2 min read.Updated: 23 Oct 2020, 05:52 PM ISTLeroy Leo
The vaccine maker to enrol 26,000 subjects for phase 3 trial starting mid-November. The trial will be conducted across 25-30 sites in the country and the process of getting ethics committee approvals of individual sites is on
NEW DELHI: Bharat Biotech International Ltd plans to launch its covid-19 vaccine--Covaxin--by June next year, unless the government decides to give the vaccine an emergency use authorisation before that, based on data from earlier phases of clinical trials, executive director Sai Prasad told Mint.
"If the government intends, they could proceed by giving us emergency use authorization, say, by reviewing the phase 2 data. They (the government) may say we need it now because it is quite important and we (Bharat Biotech) have good animal testing and phase 1 and 2 data," Prasad said, adding that in China and Russia, emergency use authorisations have been led by the government.
The company plans to start enrolling up to 26,000 participants of age 18 years and above in its phase 3 trials from the middle of next month. The trial will be conducted across 25-30 sites in the country, and the process of getting ethics committee approvals of individual sites is on, he said.
The primary end-point of the late-stage trial, used to determine the efficacy of a vaccine, will be to see if the two-dose shot can prevent a patient from developing symptoms of covid-19.
The subject expert committee (SEC) of the Central Drugs Standards Control Organisation earlier this week gave approval for the phase 3 trials.
While the phase 2 data of the trials are not publicly available, the company received an approval from the SEC on Tuesday based on data from Phase I and II along with animal challenge data.
Prasad, however, declined to give pricing details for the vaccine, saying that discussions are underway and depend on a variety of factors, like the cost of production, investments, and also the quantity of doses required.
"We don't have an upper limit yet but, we don't expect it to be out of reach of our government and what COVAX can buy.
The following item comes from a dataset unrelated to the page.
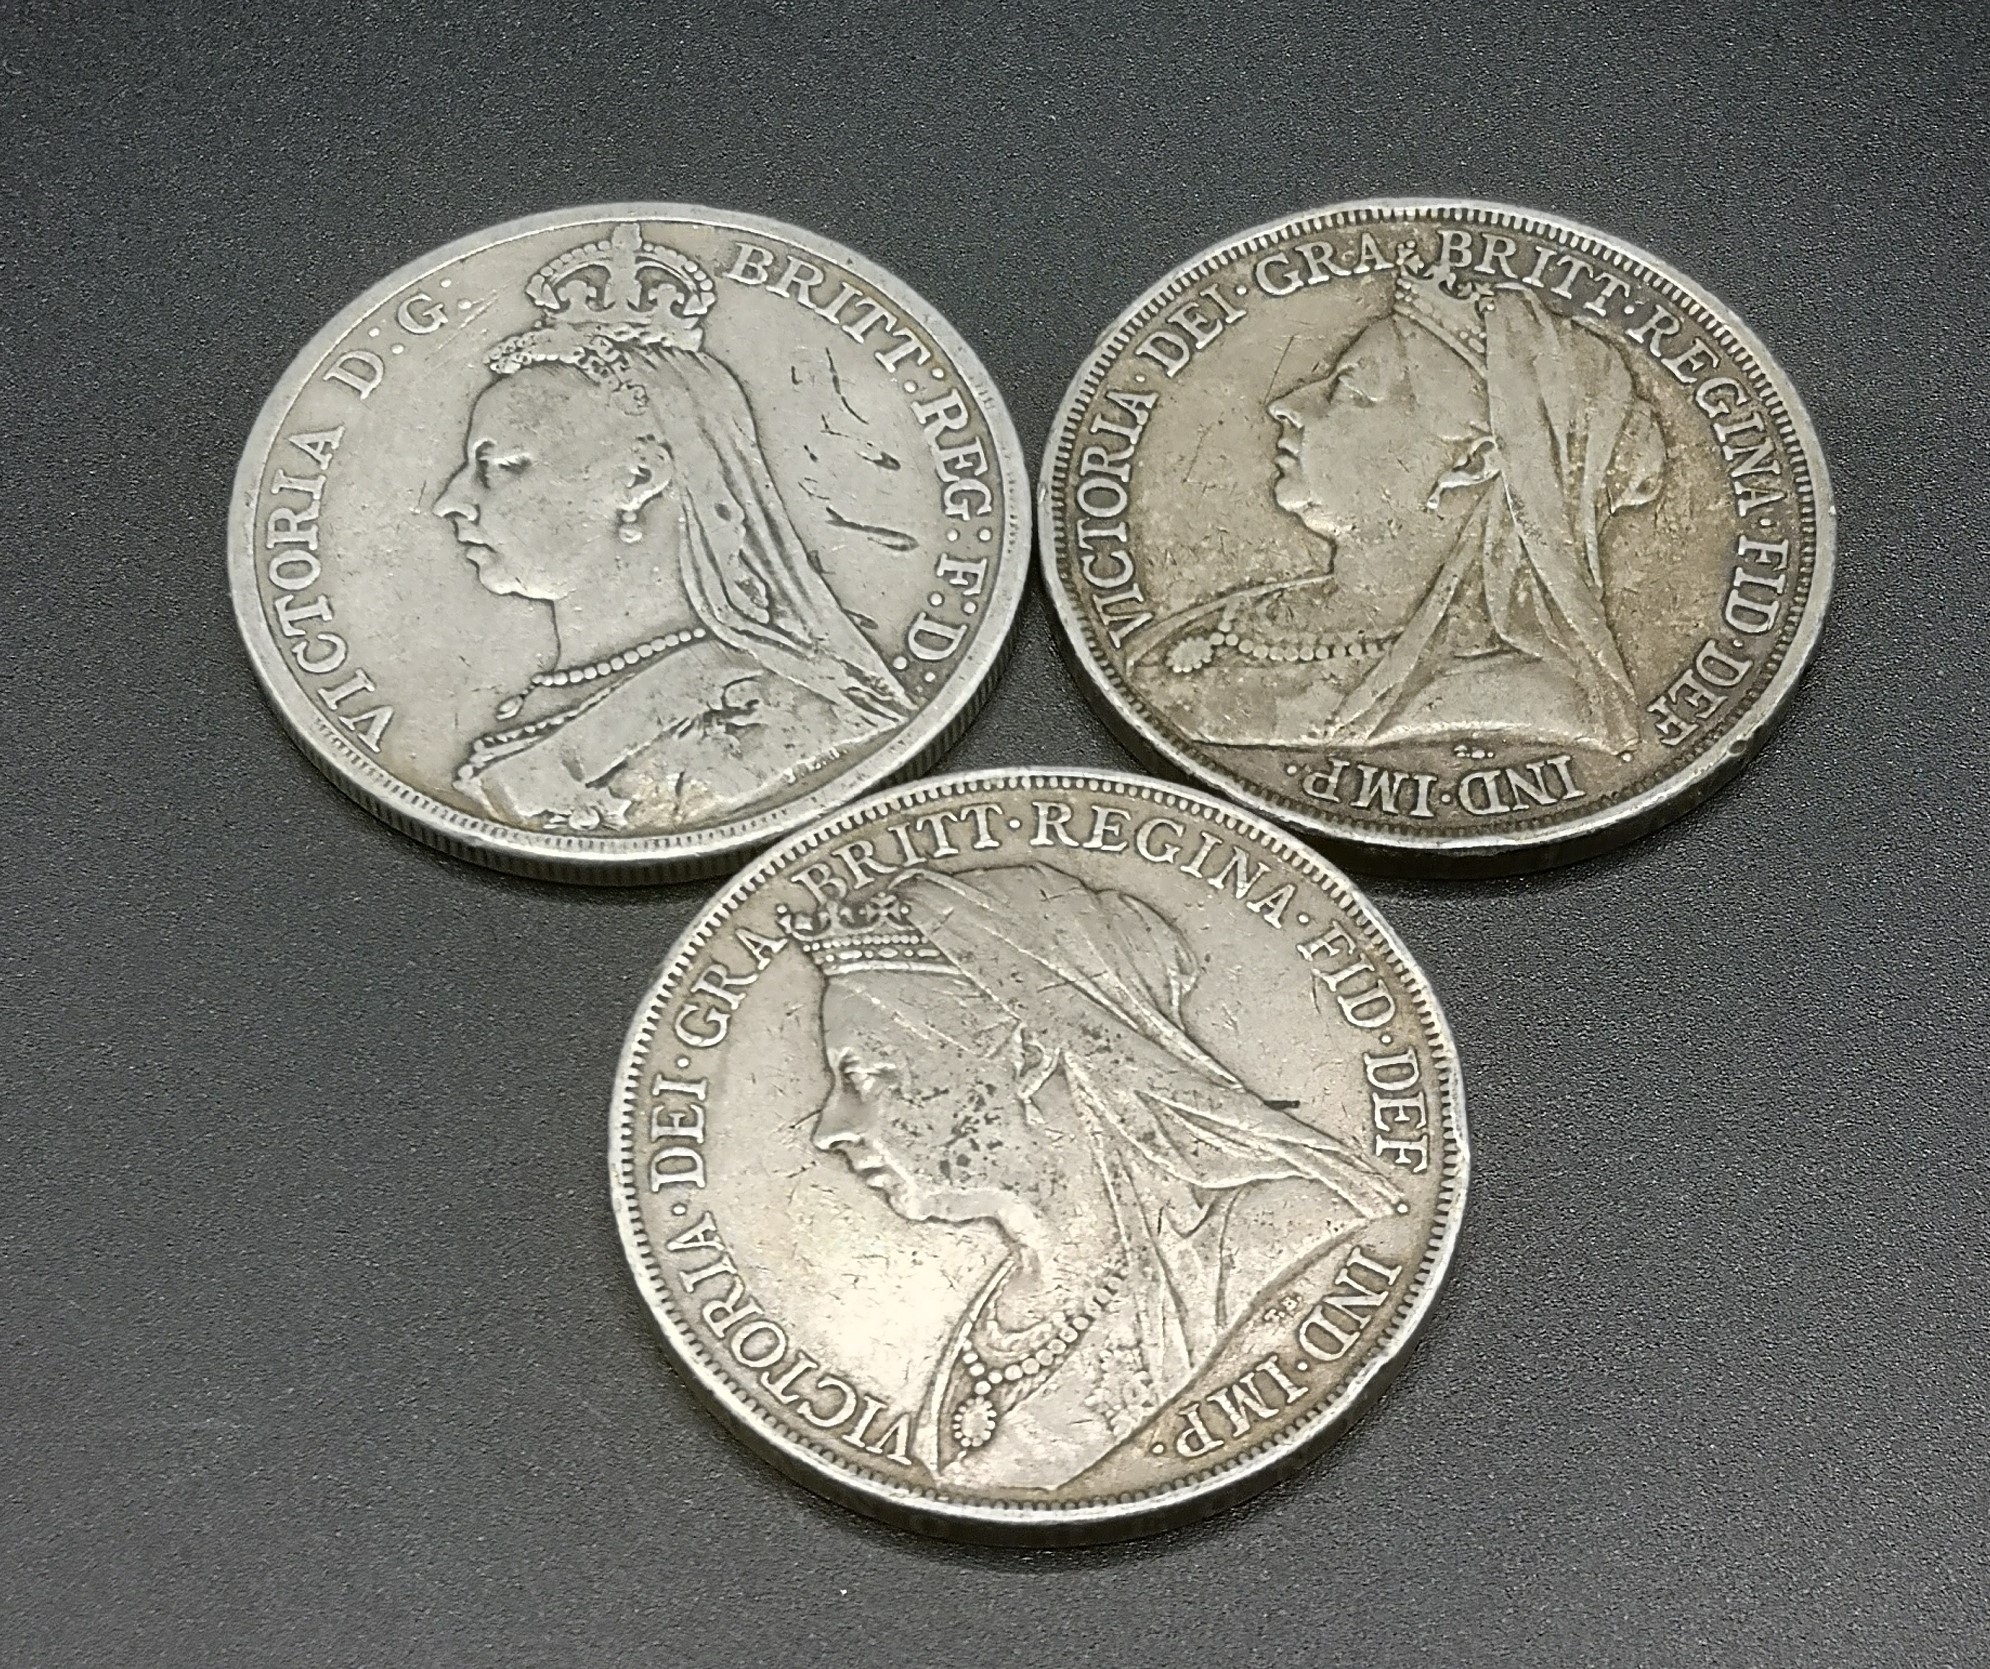 Three Queen Victoria crown coins: 1889, 1893, and 1900

But for other companies like Serum (Institute of India) and some others, they were given funding by COVAX and the Gates Foundation. We have not received that kind of funding," Prasad said.
Instead, the company is spending around ₹150 crore on phase 3 trial and another ₹120-150 crore in setting up a new facility that will be operational by December, he said.
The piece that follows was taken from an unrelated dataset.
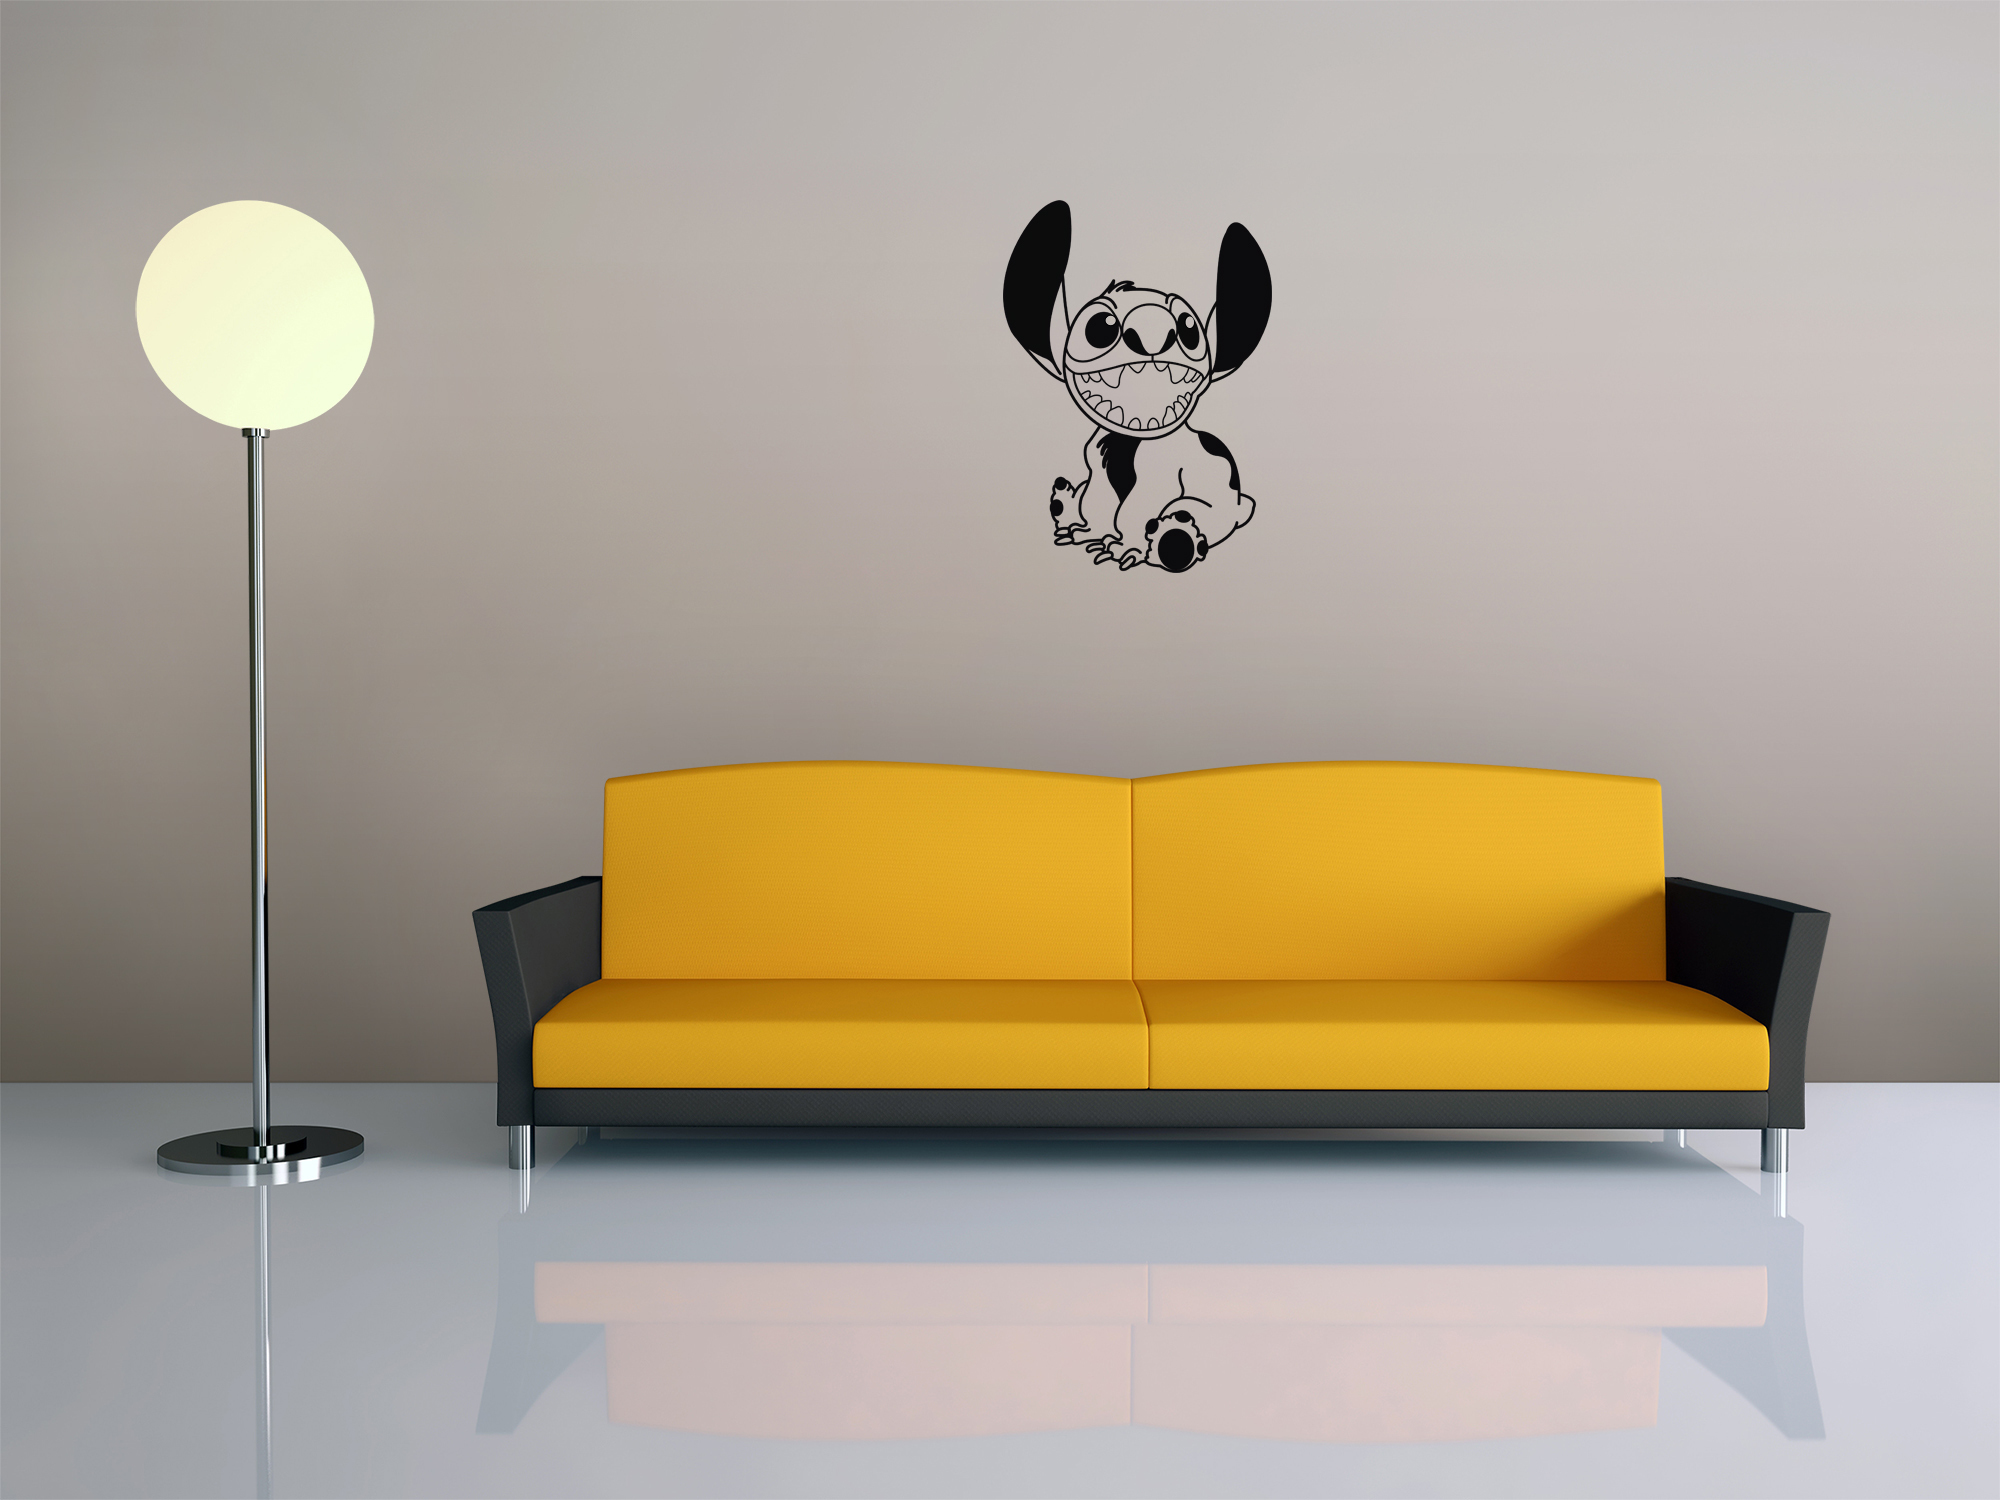 3D Printed Stitch, Wall by maria17

Bharat Biotech has started manufacturing some doses at-risk at its Hyderabad plant, using its current capacity of around 150 million doses per annum.
Apart from setting up a new plant, the company is also exploring using a third facility for production of Covaxin.
"We're also exploring in another city in India where we have access to a large scale facility like the one that we have in Hyderabad for manufacturing Covaxin and using that (and the new plant), scale it up even north of 500 million to 1 billion doses per annum," Prasad said.
Bharat Biotech’s vaccine is one of three candidates that are currently in human trials in India, with the other two being Serum Institute of India’s ‘Covishield’--which was developed by the University of Oxford and Astrazeneca plc—and Zydus Cadila’s ZyCoV-D. While Serum’s Covishield is in phase 3 and is considered the frontrunner among the vaccines in India, Zydus Cadila, like Bharat Biotech, is in phase 2 and is expected to soon move into late-stage trials.
Earlier this month, Union Minister Harsh Vardhan said the government’s rough estimate is to receive and utilise 400 to 500 million doses by July 2021 to immunise 200-250 million people.